To structure my notes, I’ve started by using the definitions the book introduces for three distinct types of AI that we can consider:
- Predictive AI
- Content Moderation AI
- Generative AI
Predictive AI
AI Snake Oil strongly argues that Predictive AI is not that good. That it’s driven by hype and myths about the accuracy of predictive AI models. The book talks about the incentives of those evaluating these models, with much of this research controlled and owned by the tech companies developing and selling Predictive AI products.
There are a number of examples used to illustrate this (mostly US based companies), from the HireVue hiring platform to Epic’s Sepsis AI prediction solution.

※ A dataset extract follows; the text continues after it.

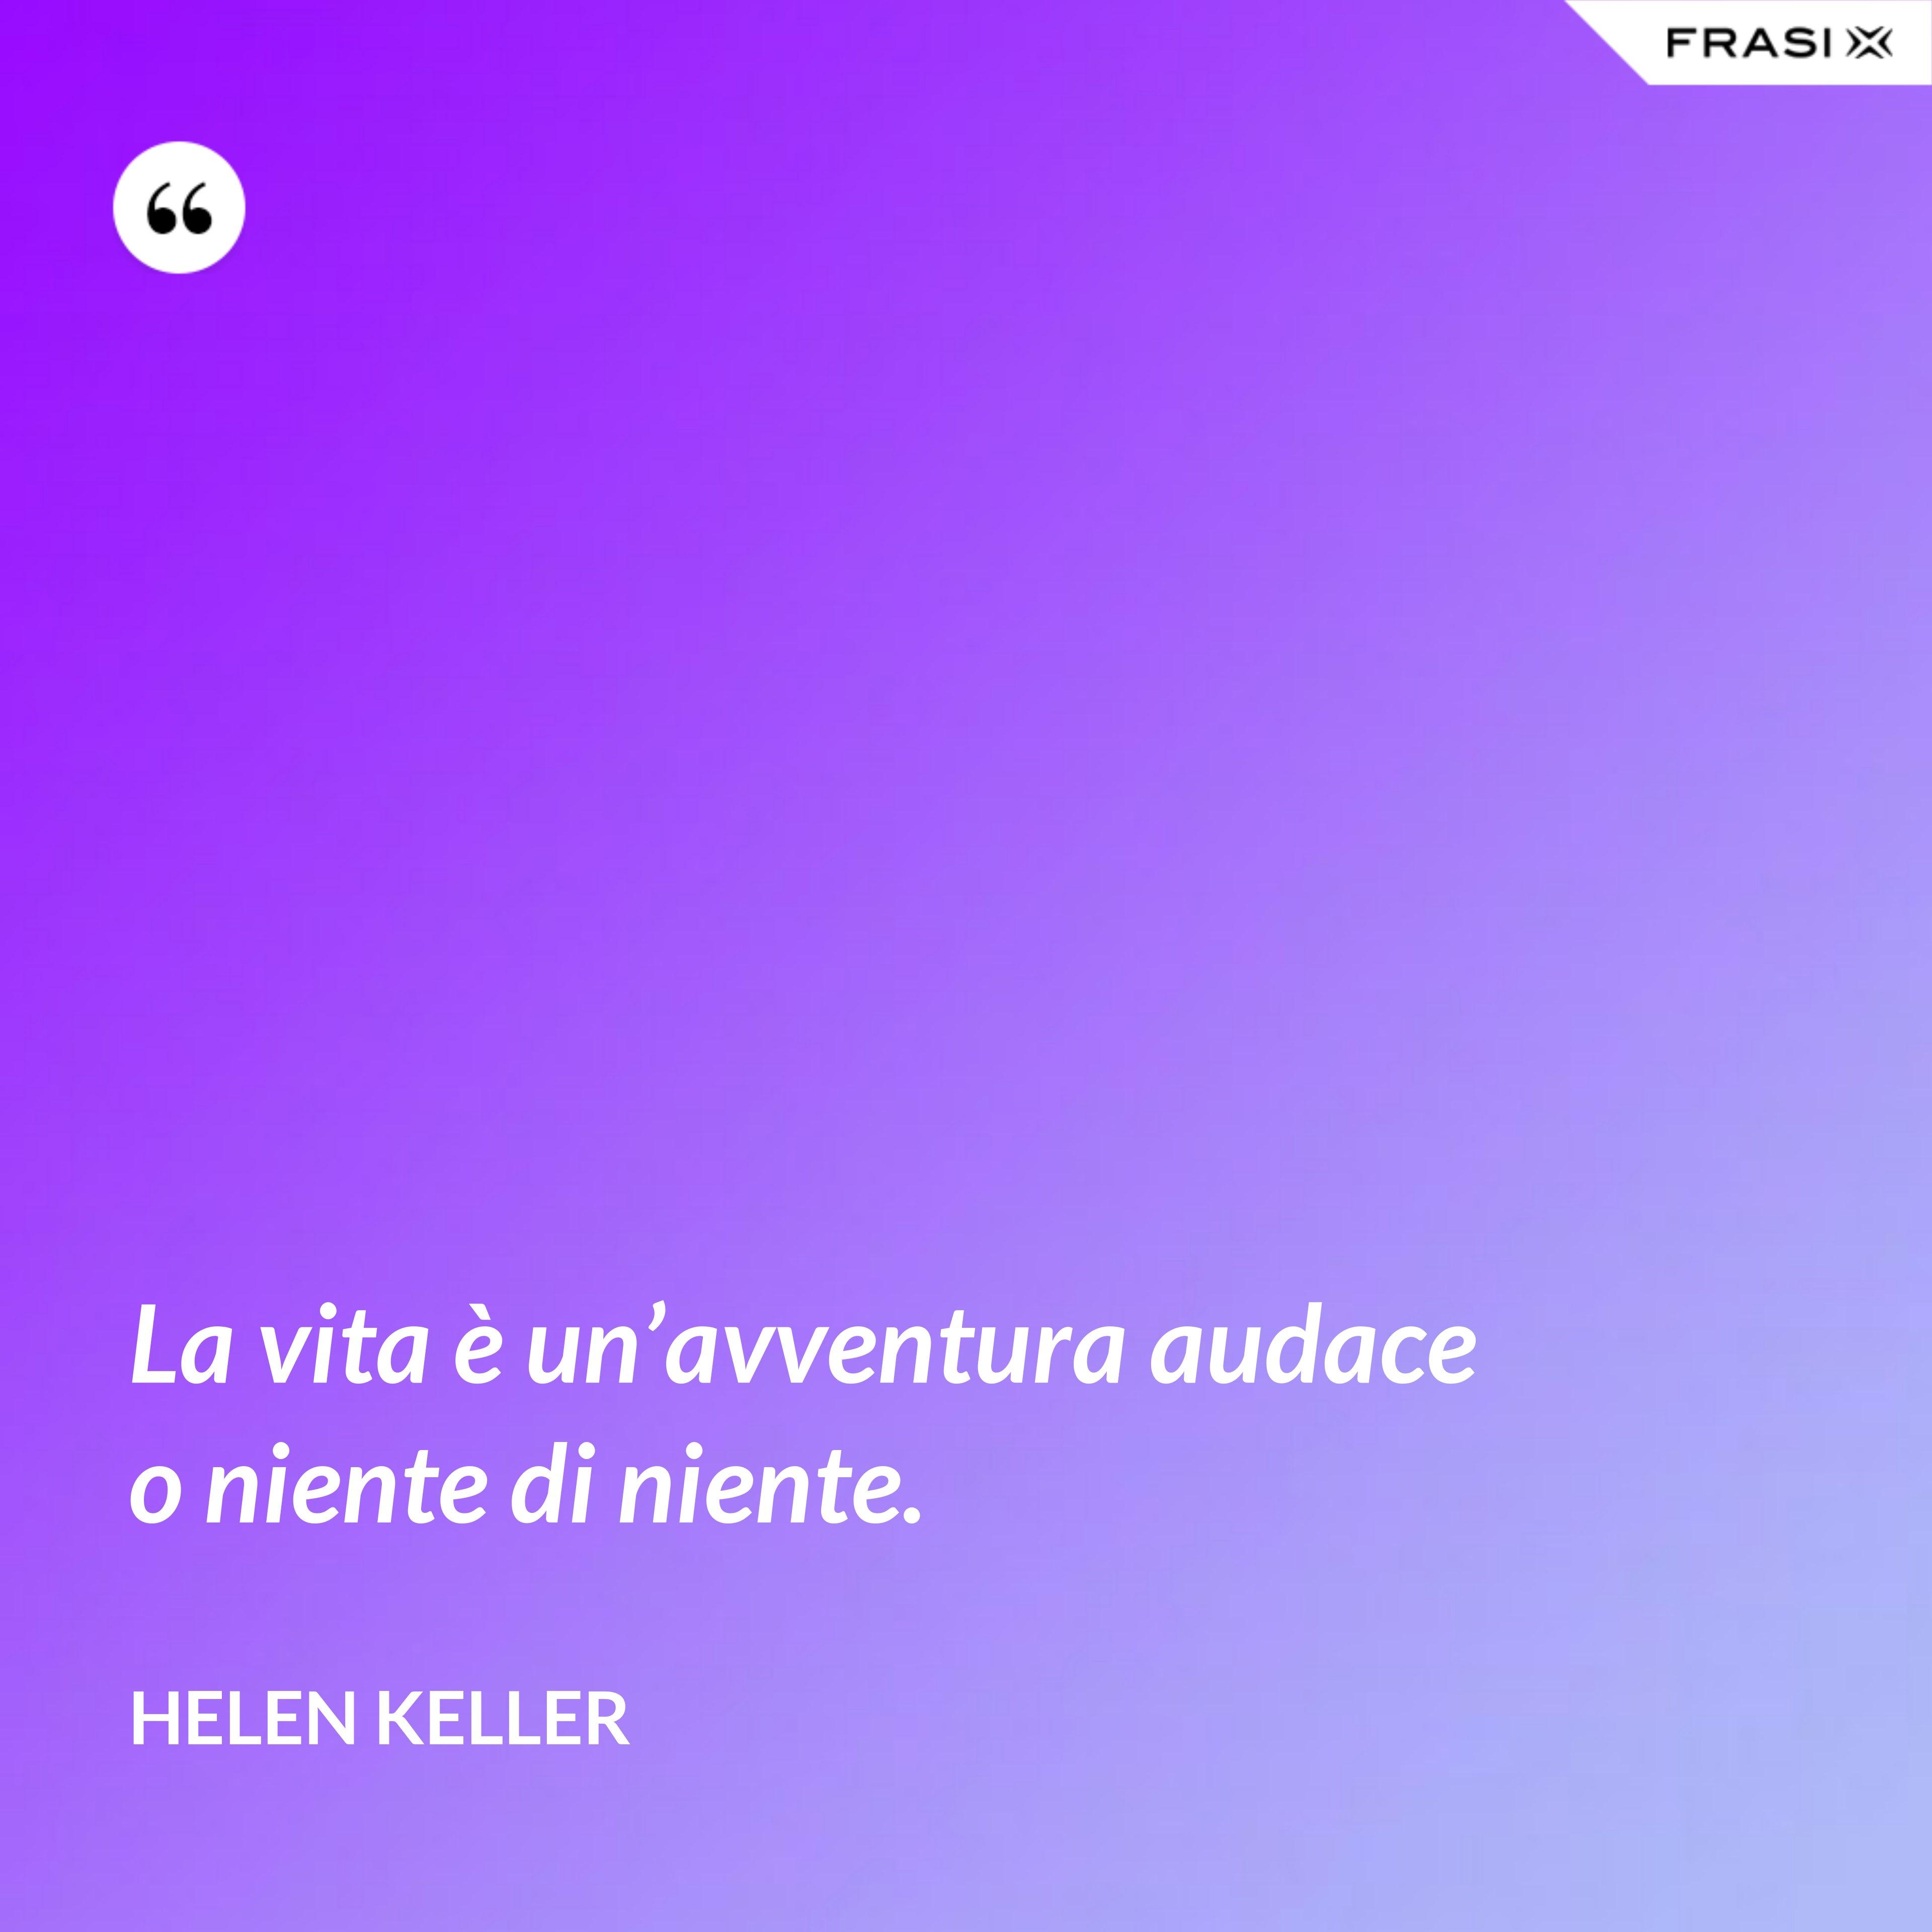 La vita è un'avventura audace o niente di niente. - Helen Keller

The authors share data to show problems with the accuracy and effectiveness of these models and also describe why these types of solutions are so appealing. For example, with HR support and as discussed further in the Podcast I linked to in the introduction:
“…automation is so appealing in hiring because companies are getting hundreds, perhaps thousands of applications per position and that points out something that’s broken in the process, but then it seems appealing to try to filter through all of those candidates with AI. And even if AI in this context is not doing much, we think that a lot of these AI hiring tools are just elaborate random number generators from the perspective of an HR department that is swimming in the sea of applications. It’s done the job for them. It gives them some excuse to say we’ve gotten it down to these 10 candidates and so there are often underlying reasons why we think broken AI gets adopted.”
Content Moderation AI
AI Snake Oil is also not positive about AI as a moderation tool. It summarises that Content Moderation AI is bad at context and nuance, and that it is much worse than human moderators.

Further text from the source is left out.